* _ABOUT THIS TASK_:
Retype the material below exactly, from its first line through the line with "Betz Handtuch Set"; the pictures stay out.

* _DATASET RECORDS_:
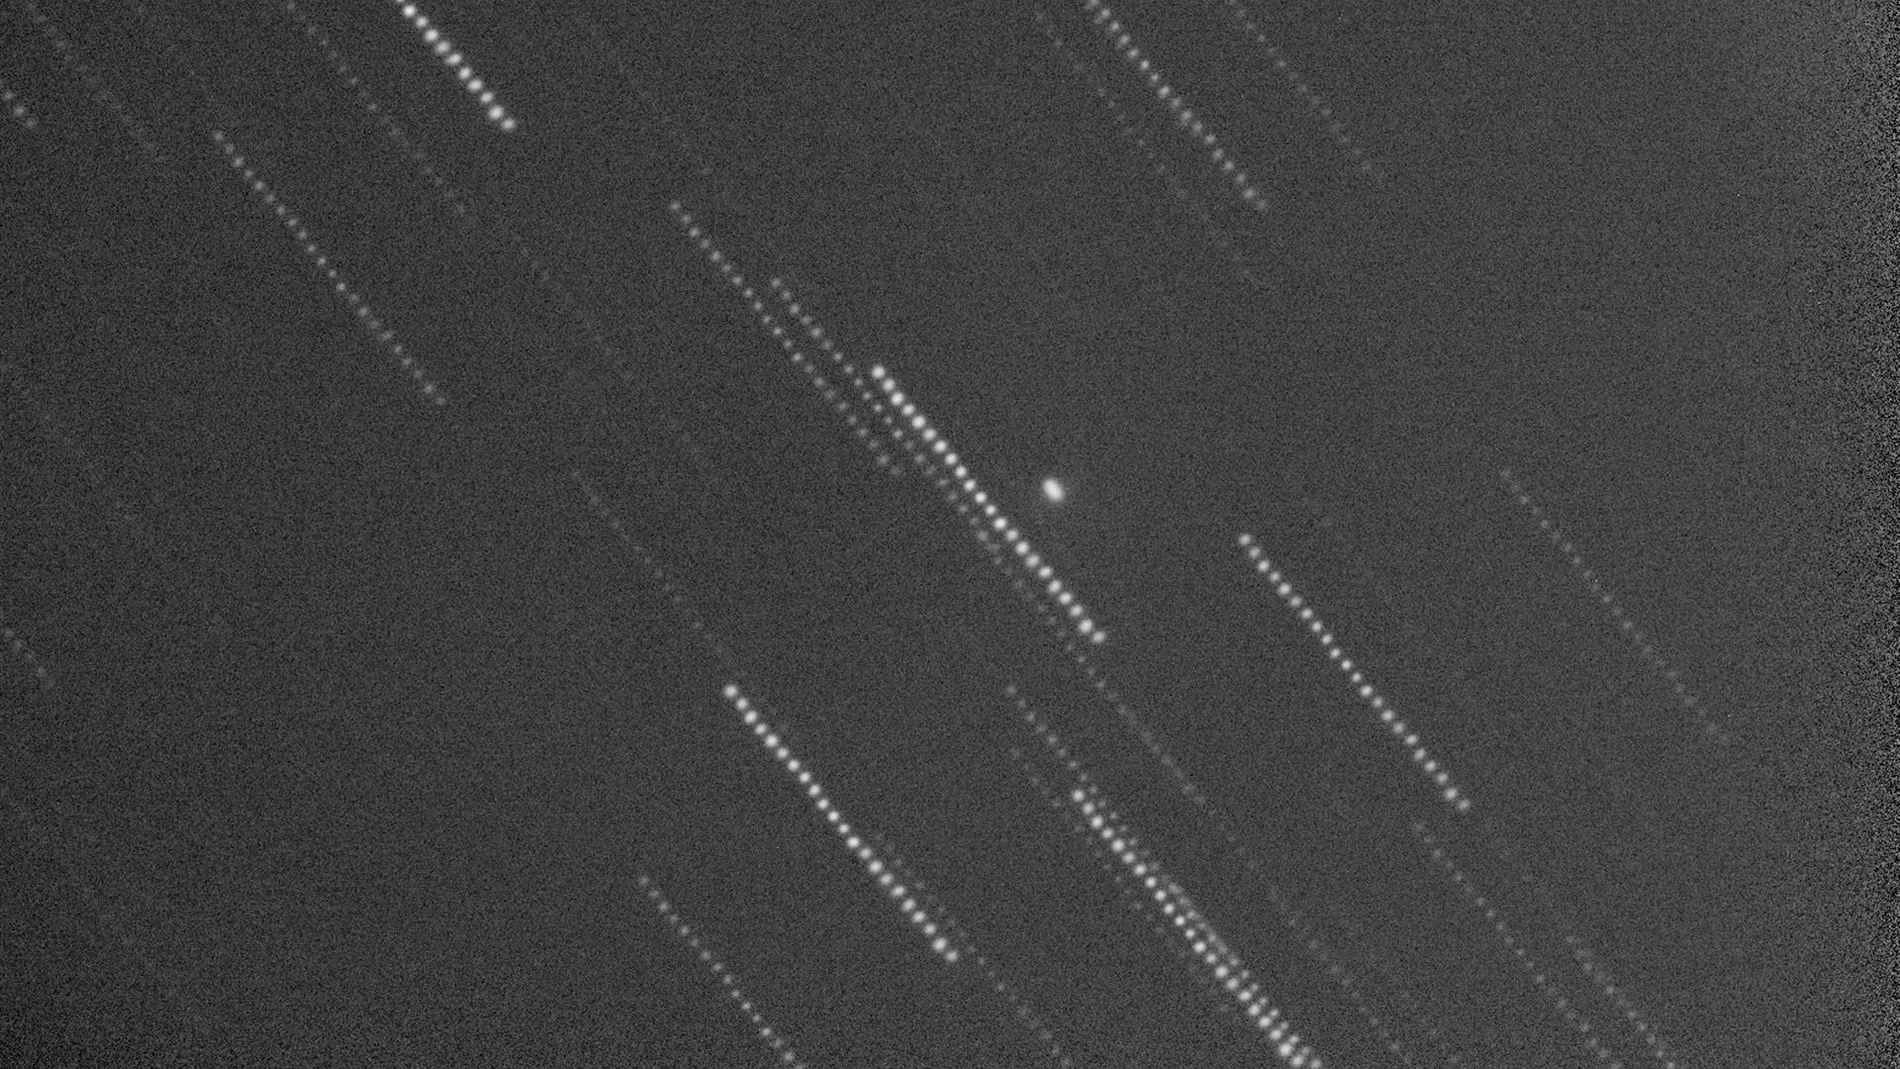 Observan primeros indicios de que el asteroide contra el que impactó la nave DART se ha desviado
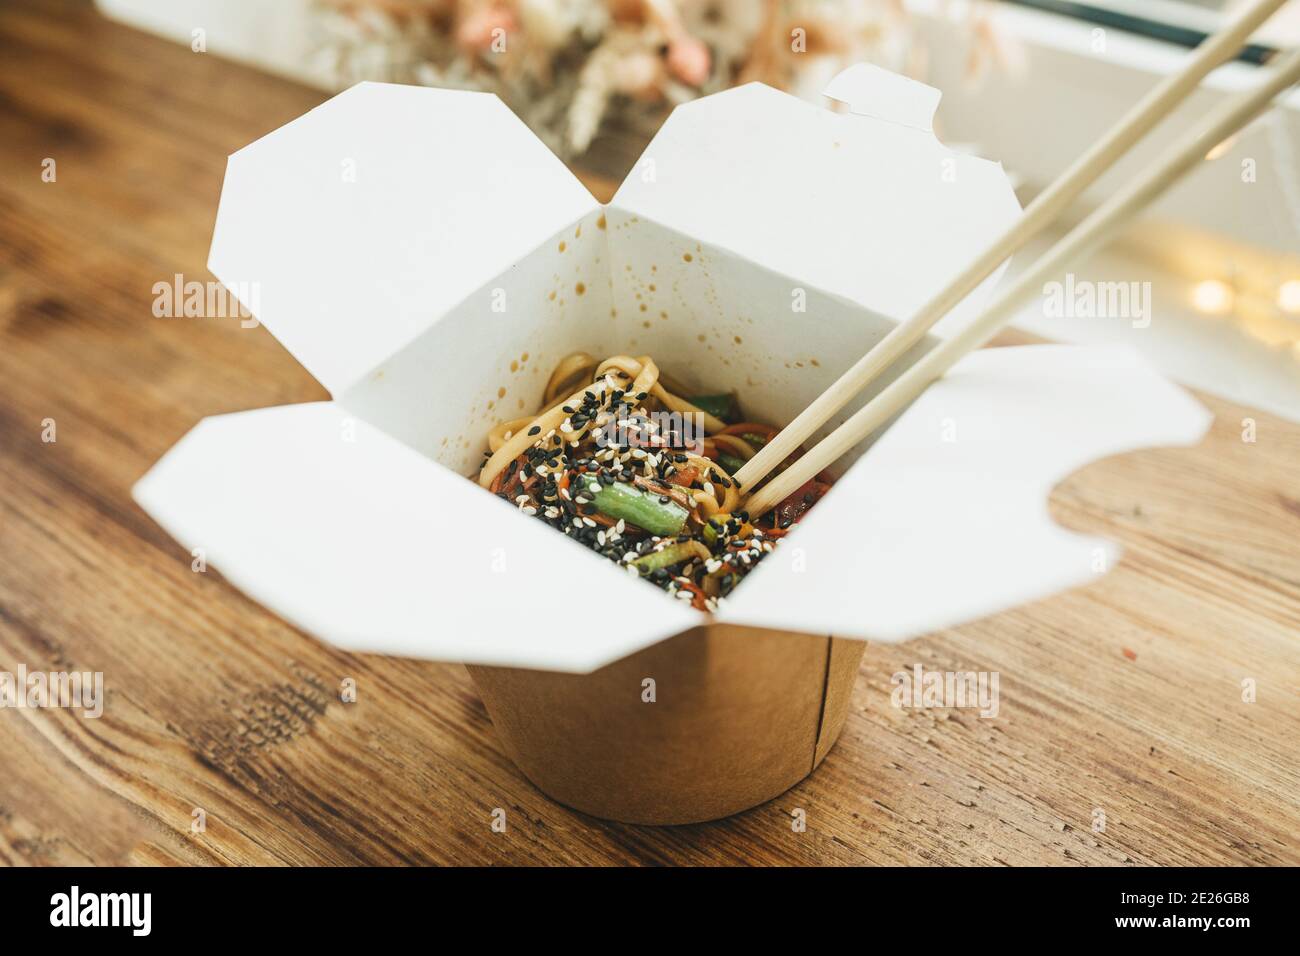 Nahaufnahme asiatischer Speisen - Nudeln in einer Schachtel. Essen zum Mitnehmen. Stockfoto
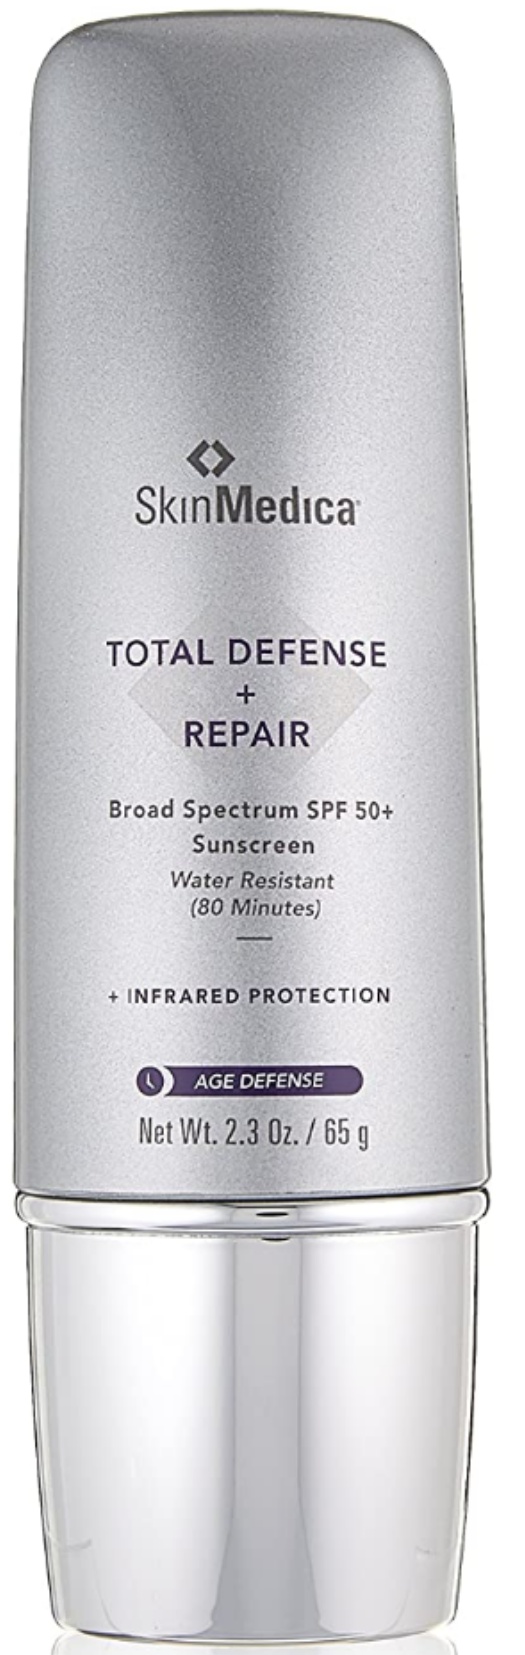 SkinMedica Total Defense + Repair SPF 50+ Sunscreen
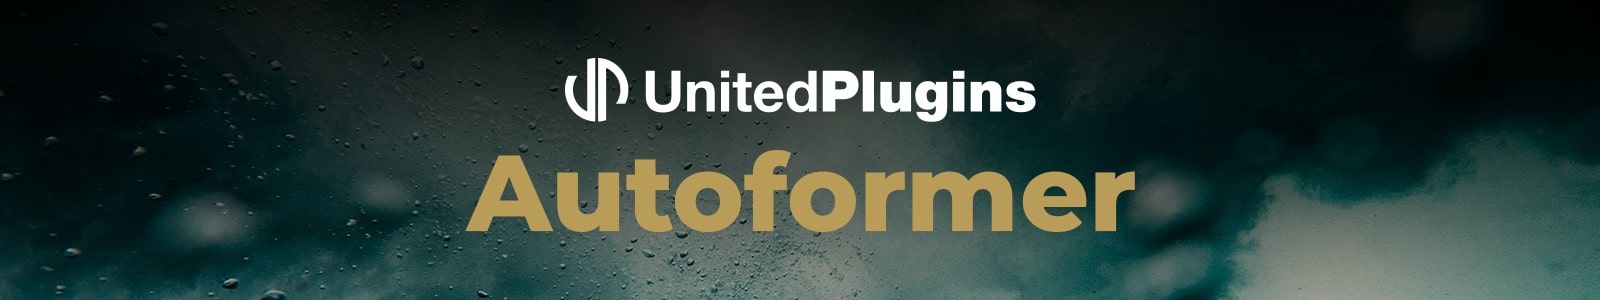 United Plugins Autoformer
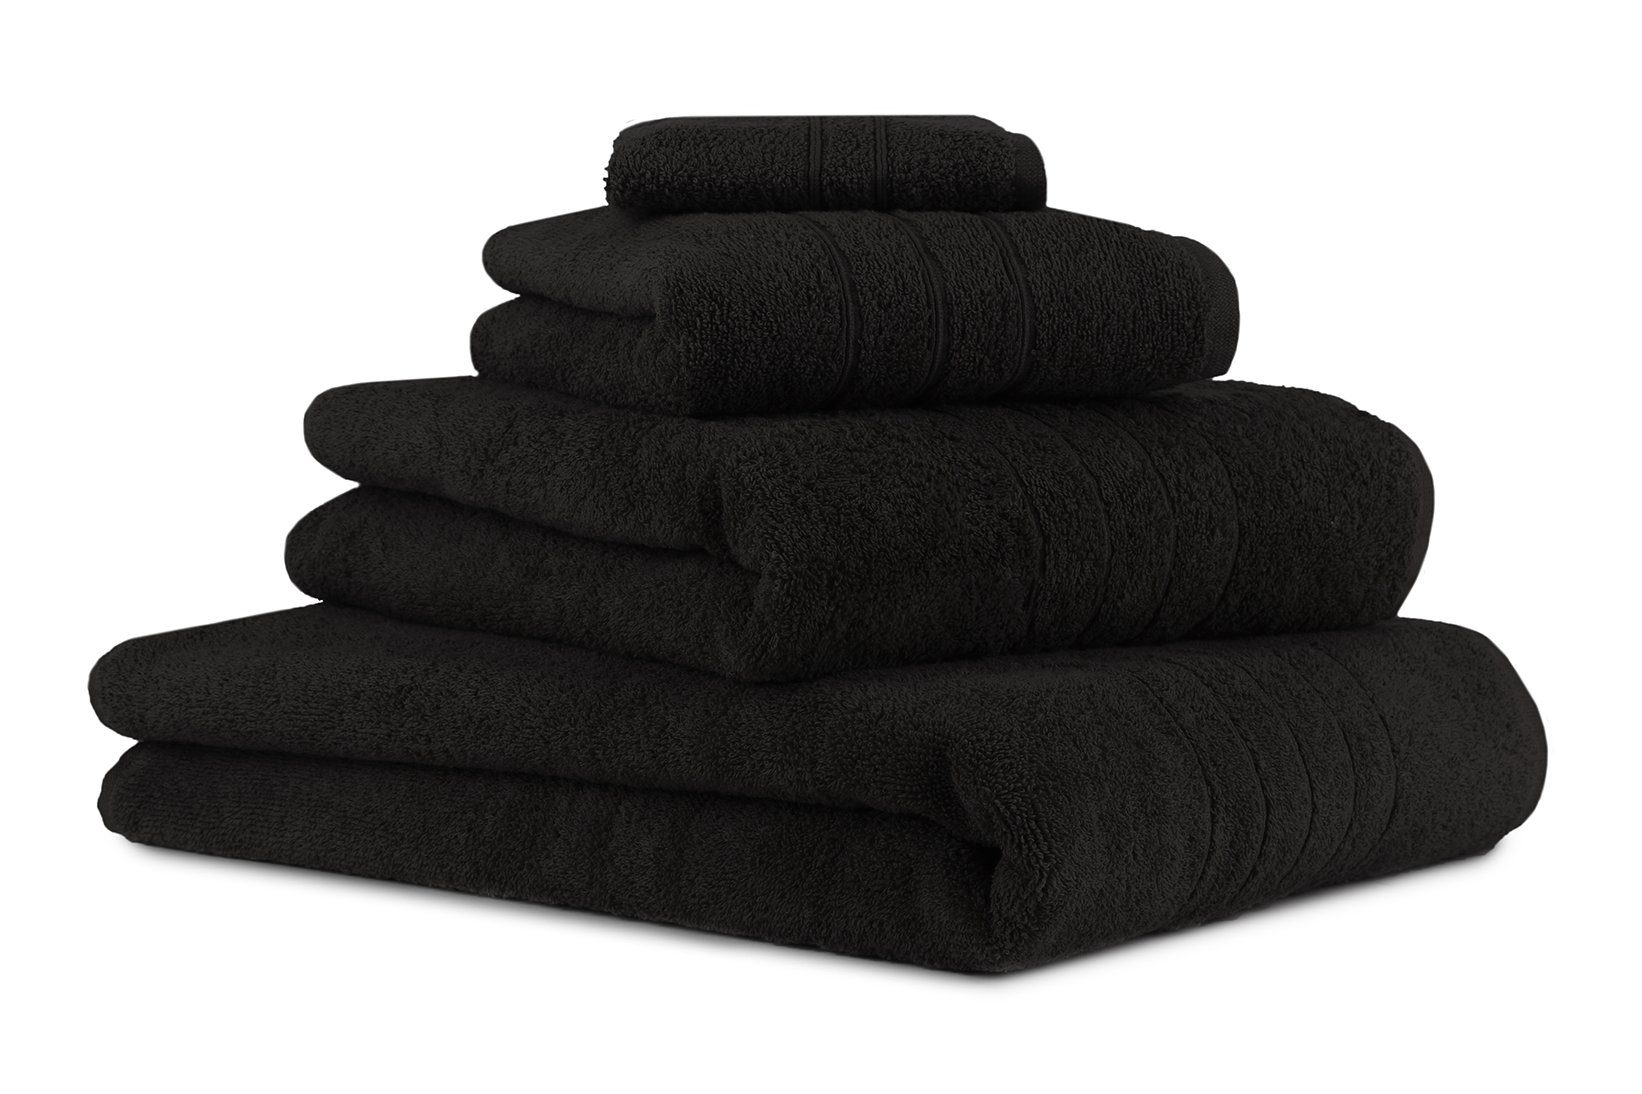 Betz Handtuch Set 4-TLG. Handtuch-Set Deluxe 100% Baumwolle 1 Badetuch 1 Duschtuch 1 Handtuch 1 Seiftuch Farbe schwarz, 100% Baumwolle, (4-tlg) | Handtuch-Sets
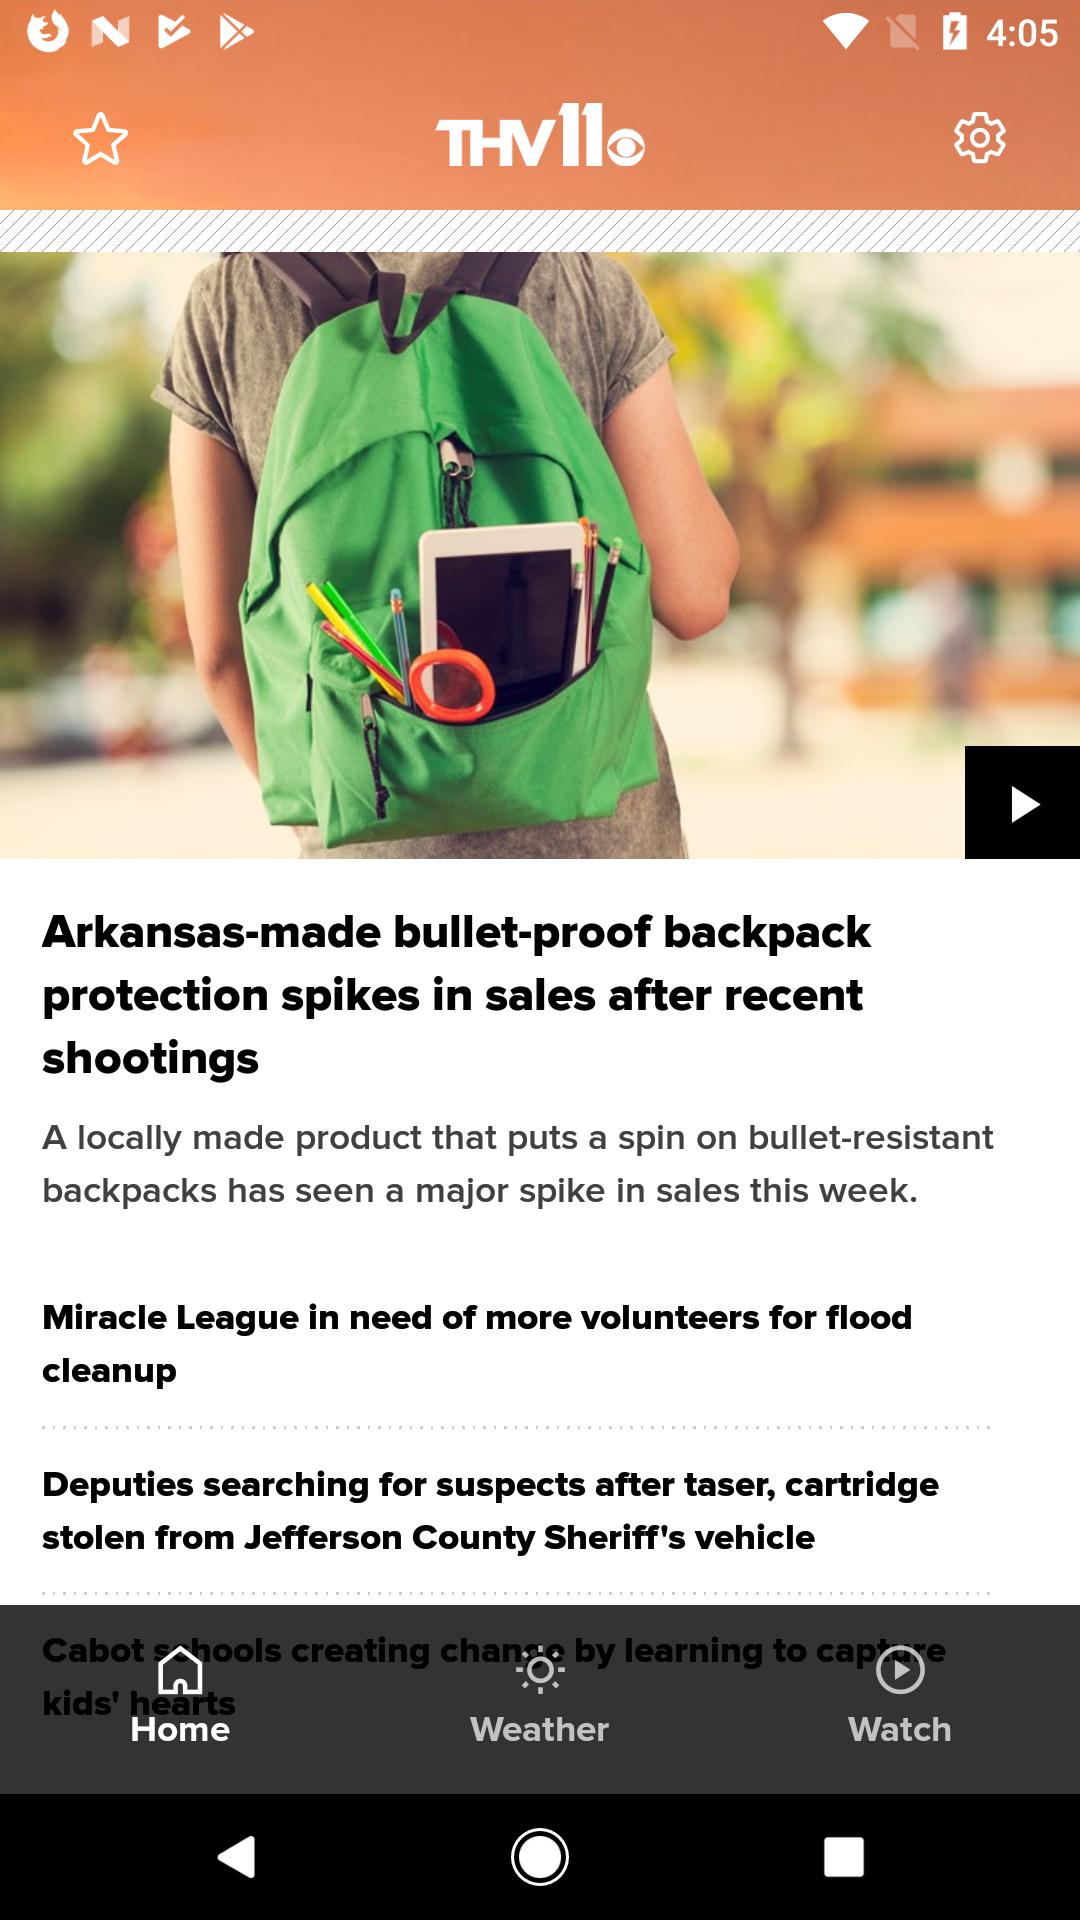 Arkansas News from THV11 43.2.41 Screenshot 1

* _RESPONSE TO THIS EXERCISE_:
 Observan primeros indicios de que el asteroide contra el que impactó la nave DART se ha desviado
 Nahaufnahme asiatischer Speisen - Nudeln in einer Schachtel. Essen zum Mitnehmen. Stockfoto
 SkinMedica Total Defense + Repair SPF 50+ Sunscreen
 United Plugins Autoformer
 Betz Handtuch Set 4-TLG. Handtuch-Set Deluxe 100% Baumwolle 1 Badetuch 1 Duschtuch 1 Handtuch 1 Seiftuch Farbe schwarz, 100% Baumwolle, (4-tlg) | Handtuch-Sets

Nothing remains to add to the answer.